## Web scraping of Books to Scrape

This project involves web scraping the "Books to Scrape" website to extract book information. The process includes extracting book titles, genres, prices, availability, stock inventory, ratings, and URLs. The resulting data will be stored in a CSV for further analysis.


In [22]:
#Import necessary packkages
import requests
from bs4 import BeautifulSoup
import pandas as pd
import re
from urllib.parse import urljoin

In [23]:
#URL to be scraped
base_url = "http://books.toscrape.com/"

In [24]:
# Fetch and parse the main page content
response = requests.get(base_url)
response.raise_for_status() #checks for HTTP errors and raises exception if error occurs
soup = BeautifulSoup(response.content, "html.parser")
soup

<!DOCTYPE html>

<!--[if lt IE 7]>      <html lang="en-us" class="no-js lt-ie9 lt-ie8 lt-ie7"> <![endif]-->
<!--[if IE 7]>         <html lang="en-us" class="no-js lt-ie9 lt-ie8"> <![endif]-->
<!--[if IE 8]>         <html lang="en-us" class="no-js lt-ie9"> <![endif]-->
<!--[if gt IE 8]><!--> <html class="no-js" lang="en-us"> <!--<![endif]-->
<head>
<title>
    All products | Books to Scrape - Sandbox
</title>
<meta content="text/html; charset=utf-8" http-equiv="content-type"/>
<meta content="24th Jun 2016 09:29" name="created"/>
<meta content="" name="description"/>
<meta content="width=device-width" name="viewport"/>
<meta content="NOARCHIVE,NOCACHE" name="robots"/>
<!-- Le HTML5 shim, for IE6-8 support of HTML elements -->
<!--[if lt IE 9]>
        <script src="//html5shim.googlecode.com/svn/trunk/html5.js"></script>
        <![endif]-->
<link href="static/oscar/favicon.ico" rel="shortcut icon"/>
<link href="static/oscar/css/styles.css" rel="stylesheet" type="text/css"/>
<link href="s

* The function get_stock_info below takes soup (the BeautifulSoup object) as input, uses regular expressions to parse the stock information from the text and extract the number of books in stock and the availability status ("In Stock" or "Out of Stock") from each product page.

In [25]:
# Function to extract the number of books in stock from the product page
def get_stock_info(soup):
    availability_element = soup.find("p", class_="instock availability")
    if availability_element:
        availability_text = availability_element.text.strip()
        match = re.search(r"\((\d+) available\)", availability_text)
        if match:
            num_in_stock = int(match.group(1))
            in_stock = "In Stock"
        else:
            num_in_stock = 0
            in_stock = "Out of Stock"
        return in_stock, num_in_stock
    else:
        return "Not available", 0

* The function scrape_book_urls defined below extracts all book URLs from soup. It uses urljoin to ensure correctly formed URLs relative to the base_url.

In [26]:
# Function to scrape book URLs from a single page
def scrape_book_urls(soup, base_url):
    product_urls = []
    for h3 in soup.find_all("h3"):
        a = h3.find("a")
        if a:
            product_urls.append(urljoin(base_url, a["href"]))
    return product_urls

* The function extract_genre_urls extracts URLs for all genres from the main page's HTML.

In [27]:
# Function to extract genre URLs from the main page
def extract_genre_urls(soup, base_url):
    genre_urls = []
    side_categories = soup.find("div", class_="side_categories")
    if side_categories:
        ul_categories = side_categories.find("ul", class_="nav nav-list")
        if ul_categories:
            categories = ul_categories.find_all("li")
            for category in categories:
                a_tag = category.find("a")
                if a_tag:
                    genre_urls.append(urljoin(base_url, a_tag["href"]))
    return genre_urls

# Extract genre URLs from the main page
genre_urls = extract_genre_urls(soup, base_url)

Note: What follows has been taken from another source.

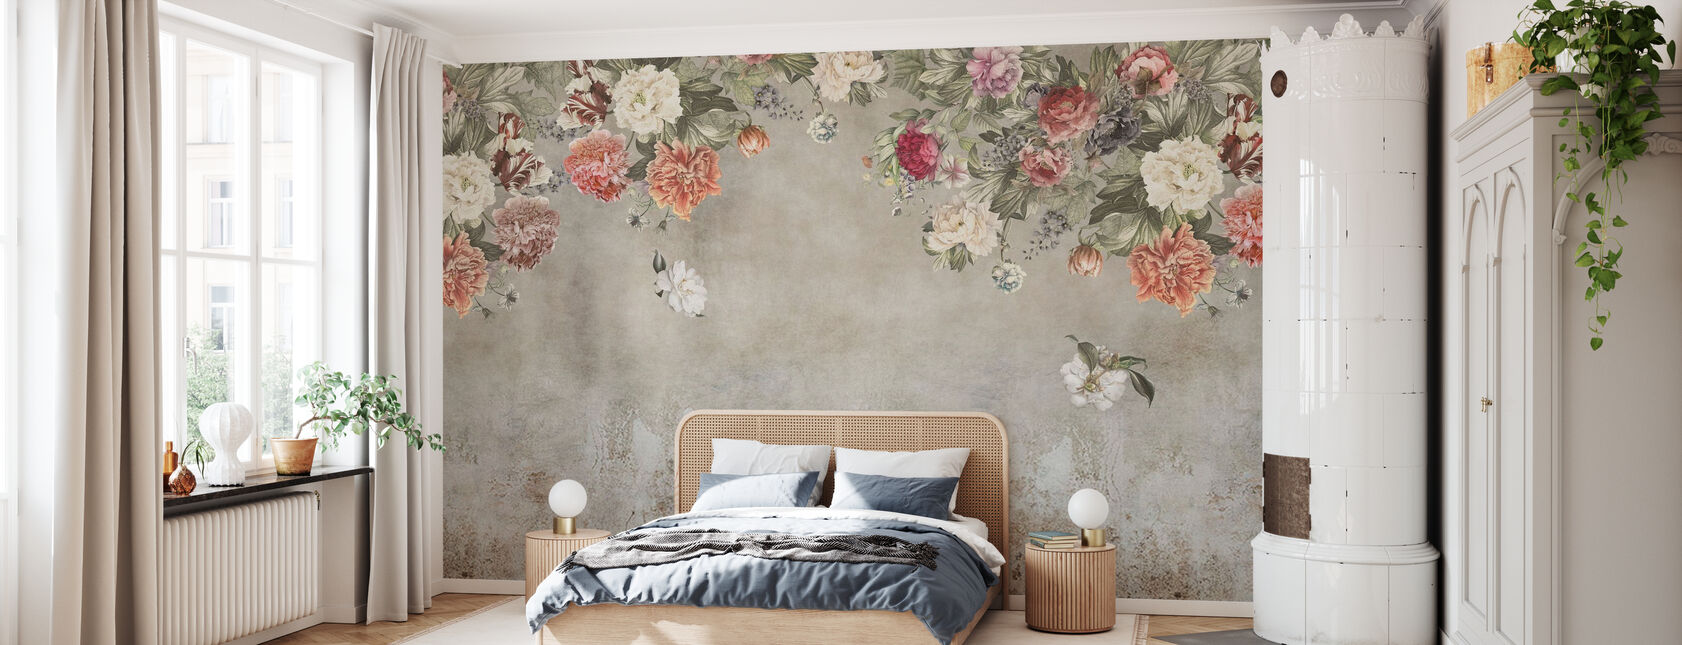 Vintage Blomst Mur - Tapet - Soveværelse

* This is a crucial function. It iterates through all pages of a specific genre, scraping book details (title, price, rating, etc.) from each product page. It handles pagination by finding the "next" page link.

In [28]:
# Function to scrape all book data from a genre, iterating through all pages
def scrape_all_book_data_from_genre(genre, genre_url):
    genre_book_data = []
    current_url = genre_url
    while True:
        print(f"Scraping page: {current_url}")

        response = requests.get(current_url)
        response.raise_for_status()
        soup = BeautifulSoup(response.content, "html.parser")

        # Extract product URLs from the current page
        urls = scrape_book_urls(soup, current_url)  # Pass current_url

        # Scrape product details from each URL on the page
        for product_url in urls:

            product_response = requests.get(product_url)
            product_response.raise_for_status()
            product_soup = BeautifulSoup(product_response.content, "html.parser")

            # Extract product details
            title = product_soup.find("h1").text.strip()
            price = product_soup.find("p", class_="price_color").text.strip()
            rating_element = product_soup.find("p", class_="star-rating")
            rating = rating_element["class"][-1] if rating_element else "Not rated"
            in_stock, num_in_stock = get_stock_info(product_soup)

            book_info = {
                "Book Title": title,
                "Genre": genre,
                "Price (£)": price,
                "Availability": in_stock,
                "Stock": num_in_stock,
                "Rating": rating,
                "URL of the books page": product_url,
            }
            genre_book_data.append(book_info)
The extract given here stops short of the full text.